The invention also includes a test vertebrate embryo useful for screening compounds for the ability to affect cell death. The test embryo is prepared by a) providing a vertebrate embryo (e.g., a zebrafish), and b) contacting the embryo with an agent (e.g., stauro-sporine) which increases apoptosis in cells of the animal. This test embryo can be used in the methods disclosed herein for testing a compound for the ability to affect cell death.

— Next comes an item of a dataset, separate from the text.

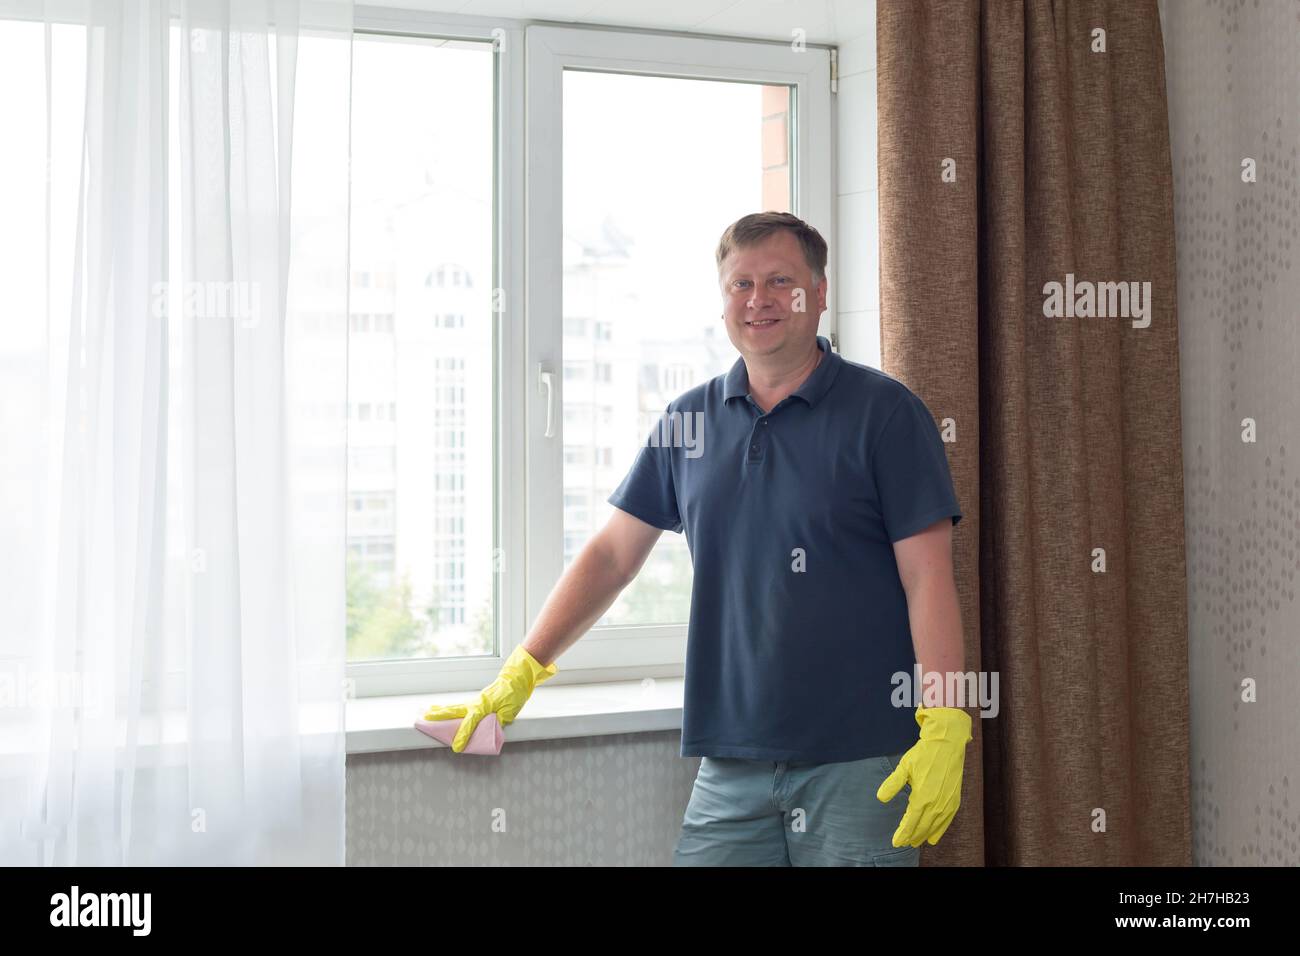 https://c8.alamy.com/comp/2H7HB23/a-man-cleans-his-apartment-wipes-windowsill-in-yellow-rubber-gloves-2H7HB23.jpg

Furthermore, the test embryo of the invention can also be used in a variety of methods for obtaining information on cellular processes. The cellular process which is investigated is selected from the group consisting of: a) neuronal cell function, b) neuronal connectivity, c) cell development, d) tissue development, and e) organ development. This method includes a) providing at least two embryos, namely a test zebrafish embryo and a control zebrafish embryo, b) subjecting a test embryo to test conditions, and c) visually observing differences in cells of the test and control embryos. The control embryo is treated such that the differences in visual observation result from application of the test conditions.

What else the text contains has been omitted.